Столыпин, получив это письмо, был совершенно озадачен; он, встретясь со мною в Государственном совете, подошел ко мне со следующими словами: «Я, граф, получил от вас письмо, которое меня крайне встревожило». Я ему сказал: «Я вам советую, Петр Аркадьевич, на это письмо мне ничего не отвечать, ибо я вас предупреждаю, что в моем распоряжении имеются все документы, безусловно подтверждающие все, что в этом письме сказано, что я ранее, нежели посылать это письмо, давал его на обсуждение первоклассным юристам и, между прочим, такому компетентному лицу, престарелому государственному деятелю, как граф Пален».
На это Столыпин ответил: «Да, но ведь граф Пален выживший из ума». Этот ответ показывает степень морального мышления главы правительства. И затем он раздраженным тоном сказал мне: «Из вашего письма, граф, я должен сделать одно заключение: или вы меня считаете идиотом, или же вы находите, что я тоже участвовал в покушении на вашу жизнь?
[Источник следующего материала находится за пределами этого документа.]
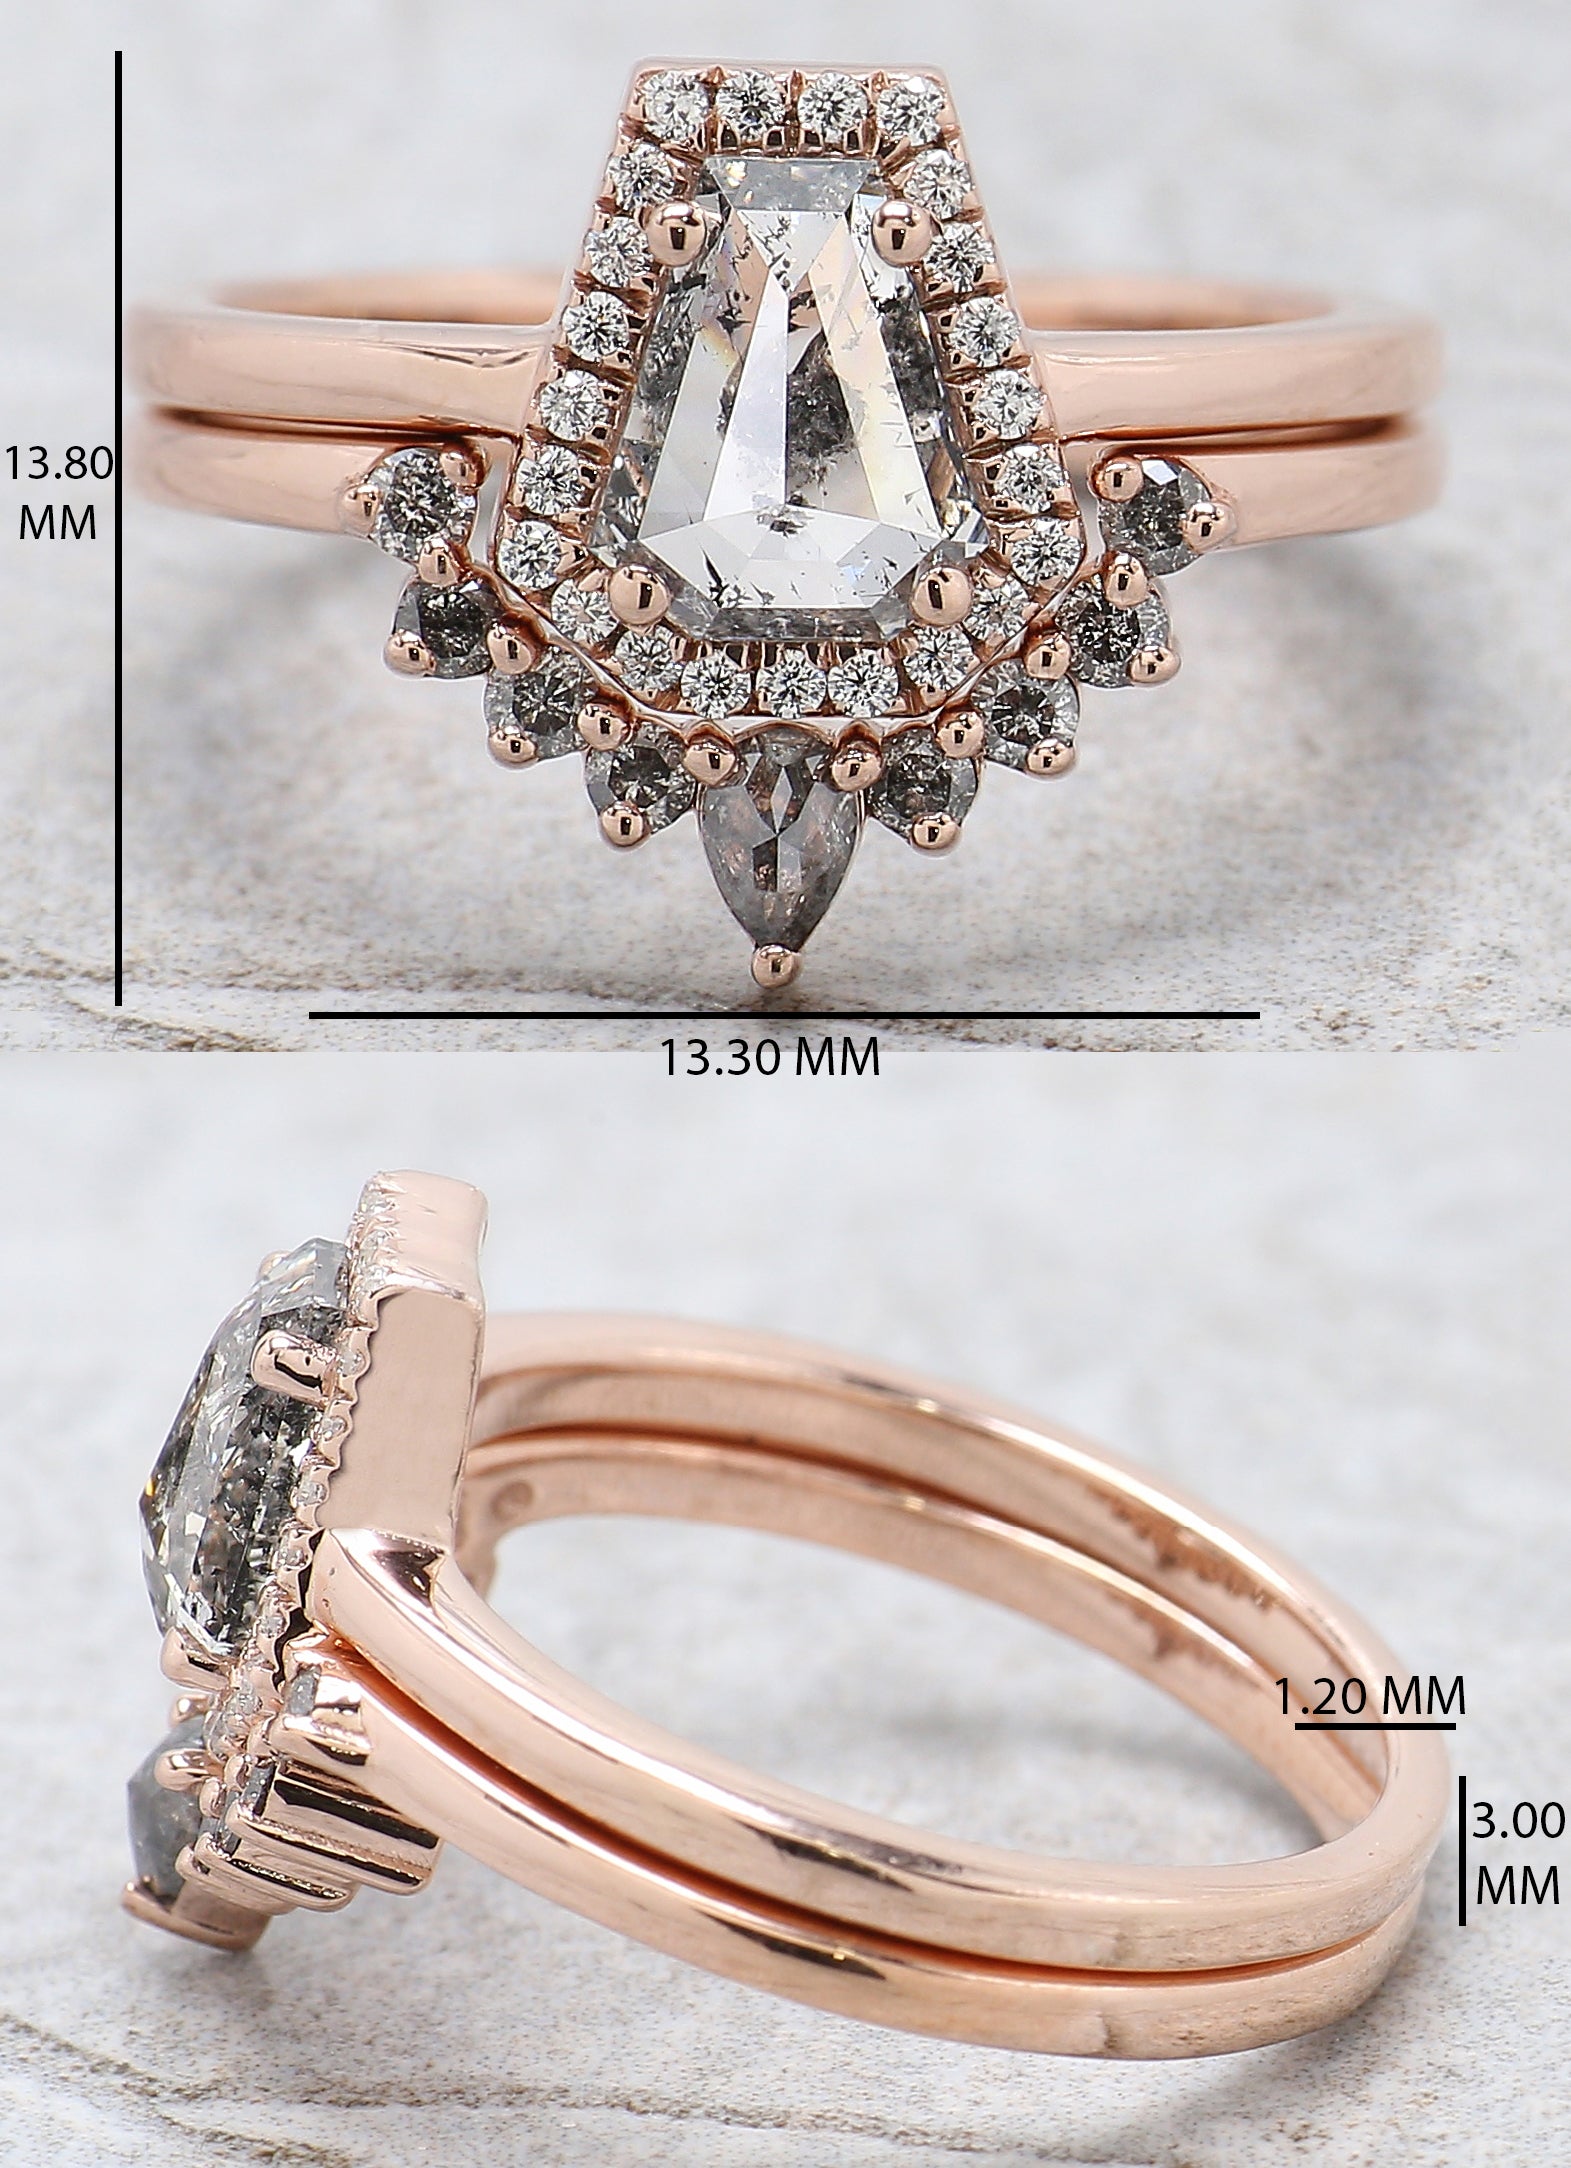 Coffin Cut Salt And Pepper Diamond Ring 0.93 Ct 6.99 MM Coffin Diamond Ring 14K Solid Rose Gold Silver Engagement Ring Gift For Her QL2608

Скажите, какое из моих заключений более правильно, то есть идиот ли я или же я участвовал тоже в покушении на вашу жизнь? » На это я Столыпину ответил: «Вы меня избавьте от ответа на такой щекотливый с вашей стороны вопрос».
Затем я уехал за границу и несколько времени никакого ответа от Столыпина не получал, и уж когда я вернулся в Петербург, то через семь месяцев получил от него ответ, весьма наглый, на мое письмо. В этом ответе — это было письмо от 12 декабря 1910 года — он самым бесцеремонным образом отвергает некоторые факты и входит в довольно наглые инсинуации.
Я не преминул дать ему подобающий ответ, ответ весьма жестокий, но вполне им заслуженный, но в котором в заключение я высказал, что так как, очевидно, между главою правительства, министром юстиции и мною по этому предмету существуют разногласия, то я прошу, чтобы все это дело было поручено рассмотреть кому-нибудь из членов Государственного совета — сенаторов, юристов, близко знакомых со всем следственным делом, для того чтобы они высказали — кто из нас прав: я ли, утверждая, что все следствие было сделано с пристрастным участием агентов правительства и что следствие было ведено для того, чтобы прикрыть все это, или же он, Столыпин, и его министр юстиции Щегловитов, который утверждает противное, а именно, что правительство здесь ни при чем. Я перечислил тех членов Государственного совета, которым я просил бы передать это дело для дачи заключения его величеству. Перечислил я лиц всех партий, и крайне правых, и крайне левых, так как для меня безразлично, кто будет производить это рассмотрение, ибо каждый из них не мог бы прийти к иному заключению, чем к какому я пришел, потому что каждый из этих лиц — член Государственного совета и при каких бы то ни было политических разногласиях и личных чувствах в отношении ко мне никто бы не уронил себя до такой степени, чтобы не признать того, что я утверждаю, так как это вытекает математически из всего обширного дела, у меня имеющегося.
Должен сказать, что как первое письмо, так и ответ Столыпина и второе письмо обсуждались в Совете министров. Через некоторое время после моего второго письма я получил краткий ответ от главы правительства, в котором он меня уведомлял, что, мол, он докладывал мою просьбу о поручении расследовать дело кому-нибудь из сенаторов, что его величеству благоугодно было самому этим делом заняться и что, рассмотрев все дело, его величество положил резолюцию, что он не усматривает неправильности в действиях ни администрации, ни полиции, ни юстиции и просит переписку эту считать поконченной.
Само собой разумеется, что его величество, ни по своей компетенции в судебных делах, ни по времени, которое он имеет в своем распоряжении, не мог рассмотреть и вникнуть в дело, и эта резолюция его величества, которая, очевидно, написана по желанию Столыпина, показывает, как Столыпин мало оберегает государя и в какое удивительное, если не сказать более, положение он его, государя, ставит».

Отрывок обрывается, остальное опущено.